3.1.3 Independent tests of RPEMHC on IC50test and binarytest

In order to demonstrate the generalization capability of RPEMHC, we performed tests on two independent datasets IC50test and Binarytest, which were filtered out of the data already used in IEDB2016. We compared the prediction performance of RPEMHC to those of NetMHCIIpan-3.2, PUFFIN, DeepMHCII, and NetMHCIIpan-4.0_BA on these two datasets, where the subscript BA of NetMHCIIpan-4.0_BA indicates to select the output of binding affinity (BA) predictions from its web server.
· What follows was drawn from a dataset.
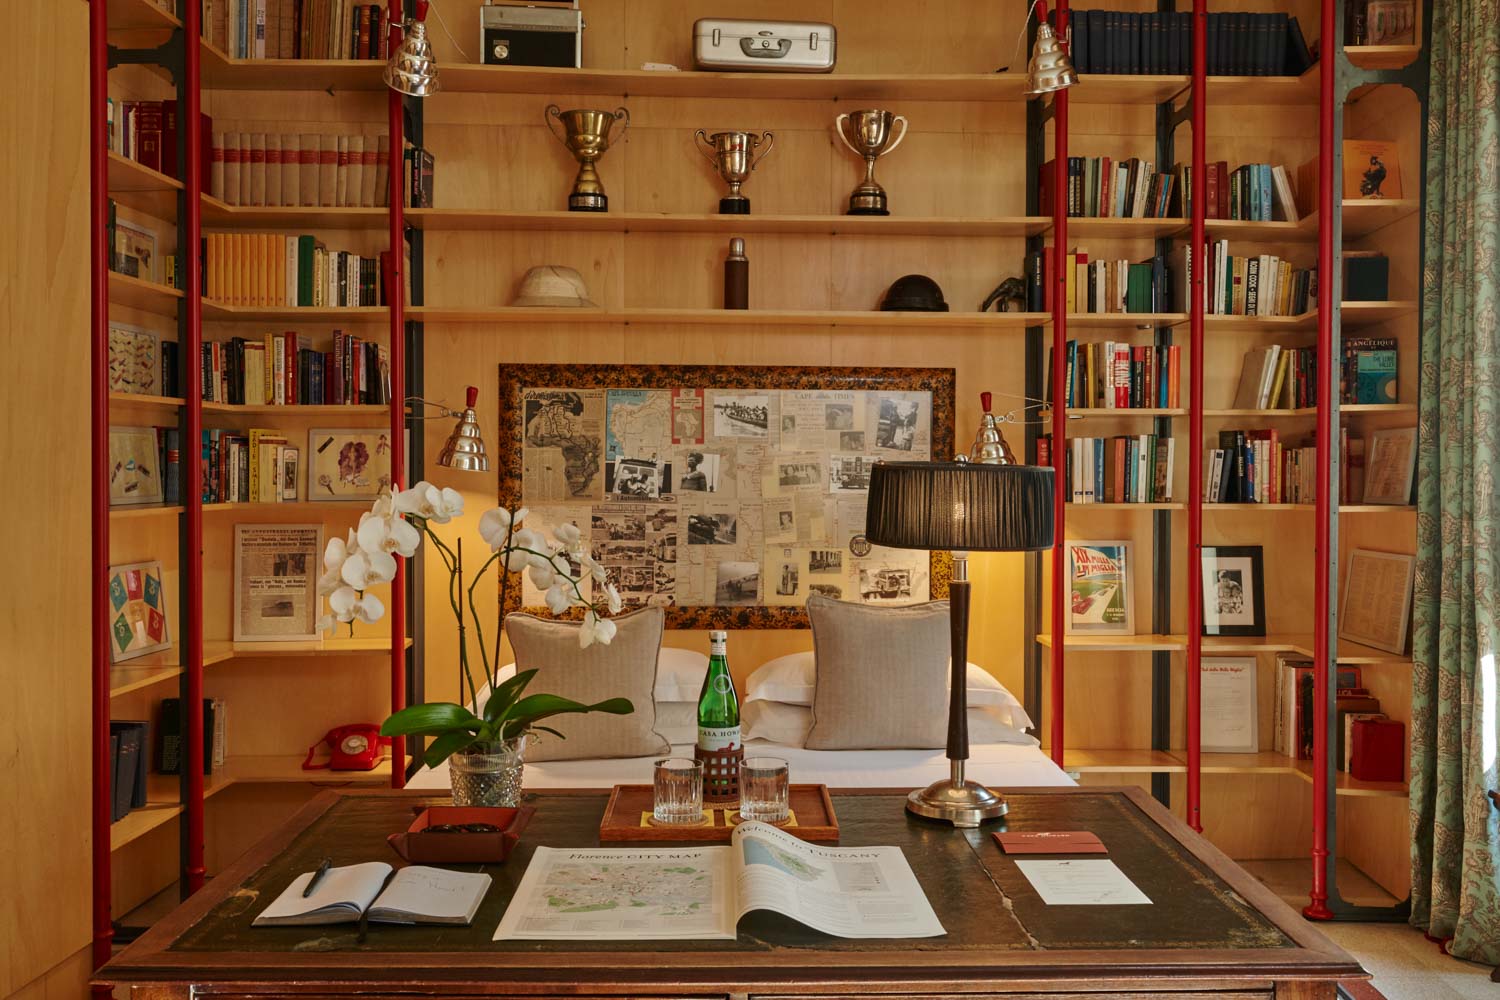 Casa Howard Firenze Residenza d’Epoca And to my favorite room in the Casa, a library room

The performance comparison of RPEMHC with NetMHCIIpan-3.2, PUFFIN, DeepMHCII, and NetMHCIIpan-4.0_BA on IC50test and Binarytest is reported in Table 2 (the detailed results of AUC and PRC for each MHC-II molecule were provided in Supplementary Table S4), where the AUCs of the first three compared methods were obtained from their corresponding publications, and that of NetMHCIIpan-4.0_BA was computed from its web server. Here, for the IC50test test set, the Average indicates the average result of 21 MHC-II molecules each containing more than 20 peptides and at least three binders out of all 47 molecules, and the All indicates the result of the whole IC50test. For the Binarytest test set, the Average indicates the average result of all 10 MHC-II molecules, and the All indicates the result of the whole IC50test. As from Table 2, compared to NetMHCIIpan-3.2, NetMHCIIpan-4.0_BA, PUFFIN, and DeepMHCII, RPEMHC yielded the best prediction results in terms of AUC of Average and All on both independent test sets. Specifically, as compared to NetMHCIIpan-3.2, PUFFIN, and NetMHCIIpan-4.0_BA, RPEMHC performed better on 15, 15, and 14 out of 21 MHC-II molecules on IC50test, respectively, and on 9, 10, and 9 out of 10 MHC-II molecules on Binarytest, respectively. Additionally, RPEMHC achieved comparable performance against DeepMHCII on both test sets, i.e. better on 11 out of 21 MHC-II molecules and 5 out of 10 MHC-II molecules, respectively. Overall, these results demonstrated the generalization capability of RPEMHC better than those of other state-of-the-art baseline methods on different independent data.

Table 2.

Comparison of the performance of RPEMHC with NetMHCIIpan-3.2, PUFFIN, DeepMHCII, and NetMHCIIpan-4.0_BA on IC50test and Binarytest.a

Method IC50test
Binarytest
AUC
AUC
Average All Average All
NetMHCIIpan-3.2 0.733(±0.175) 0.678 0.719(±0.111) 0.719
PUFFIN 0.741(±0.169) 0.688 0.700(±0.105) 0.692
DeepMHCII 0.749(±0.180) 0.693 0.770(±0.103) 0.775
NetMHCIIpan-4.0_BA 0.738(±0.171) 0.681 0.740(±0.082) 0.735
RPEMHC 0.759( ± 0.179) 0.707 0.785( ± 0.083) 0.789
a

The best results are indicated in bold. For metrics in the Average setting, the value in parentheses indicates the standard deviation of all MHC-II molecules.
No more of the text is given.